Policja po przeprowadzce

Piłsudskiego 39 to od początku tego roku nowy adres Komendy Powiatowej Policji w Szczytnie. W ostatnich dniach grudnia policjanci na dobre już przenieśli się do nowo wybudowanej siedziby. Przez kilka lat, kiedy trwała budowa obiektu, część komendy urzędowała jeszcze w starym, pozostała – w adaptowanym na potrzeby policji budynku dawnej przychodni WSPol. Teraz szczycieńscy funkcjonariusze mają do dyspozycji zdecydowanie większą powierzchnię oraz lepsze warunki do pracy. Obiekt na ul.
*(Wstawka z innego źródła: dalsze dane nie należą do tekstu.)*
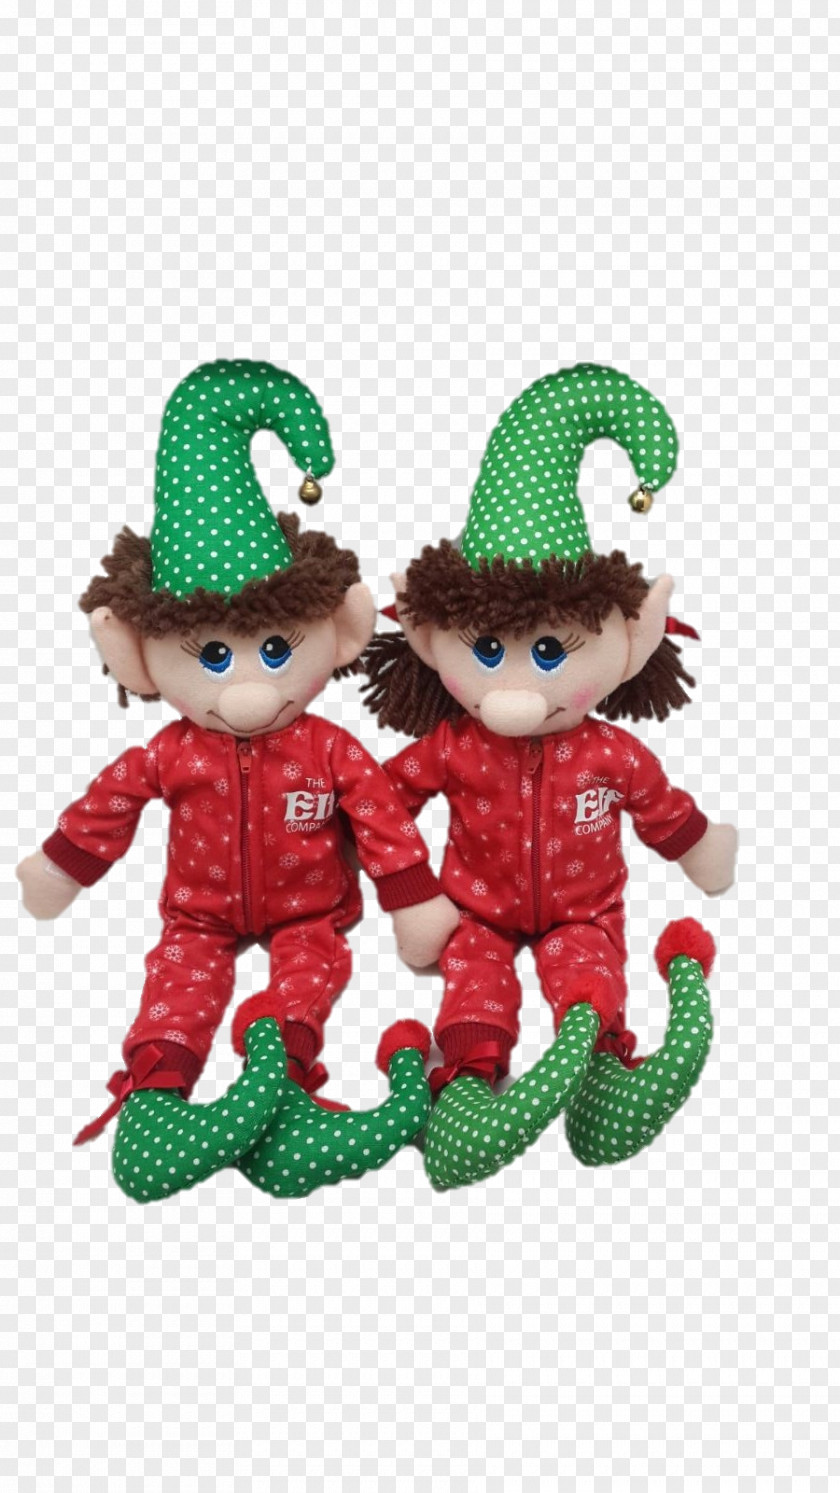 Elf On The Shelf Christmas Ornament Doll Stuffed Animals & Cuddly Toys Character PNG
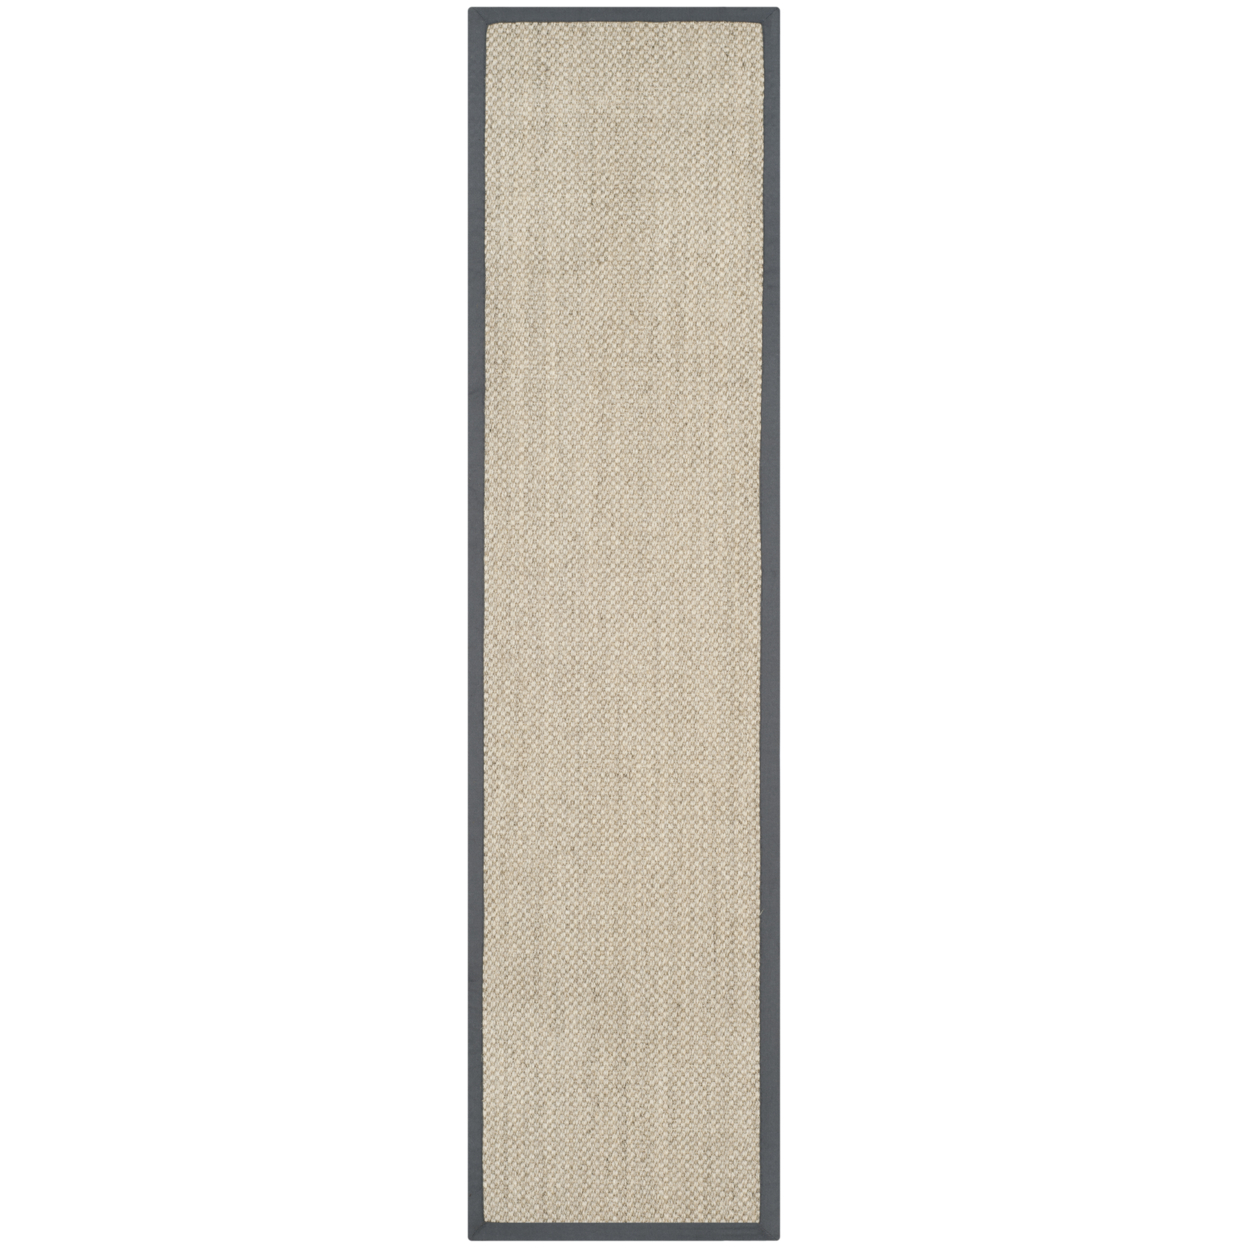 SAFAVIEH Natural Fiber Collection NF443B Marble/Grey Rug - 2' 6 X 12'

Piłsudskiego spełnia wszelkie europejskie standardy dotyczące pomieszczeń dla osób zatrzymanych czy służących obsłudze interesantów. Wybudowano też nowe garaże oraz miejsca dla psów.

- Już widzimy, że w porównaniu ze starym budynkiem jest zdecydowanie lepiej. Tamten groził katastrofą budowlaną – mówi zastępca komendanta powiatowego policji w Szczytnie Zbigniew Waleszczyński. Oficjalne otwarcie nowej komendy odbędzie się 22 stycznia.

Na razie nie wiadomo jeszcze, co stanie się z opuszczonym przez policję a należącym do Skarbu Państwa budynkiem na ul. Andersa. Podobnie wygląda sytuacja z przylegającym do niego obiektem będącym własnością miasta, gdzie siedzibę miała Straż Miejska. Przypomnijmy, że przenosi się ona do pomieszczeń w ratuszu zwolnionych przez Gminę Szczytno.

- Najpierw musimy uruchomić procedurę służącą uregulowaniu kwestii własnościowych, a dopiero potem poszukamy jakiegoś przeznaczenia dla tego obiektu – mówi wiceburmistrz Szczytna Krzysztof Kaczmarczyk, dodając, że piłka jest teraz po stronie powiatu, który powinien w tej sprawie porozumieć się ze Skarbem Państwa. Przyznaje jednak, że znalezienie nowego przeznaczenia kamienicy na ul. Andersa nie będzie łatwe, głównie ze względu na jej fatalny stan techniczny.

- Najłatwiej byłoby to wyburzyć i wystawić działkę na sprzedaż, ale nie wiemy, czy na takie rozwiązanie zgodę wyrazi konserwator zabytków – słyszymy od wiceburmistrza.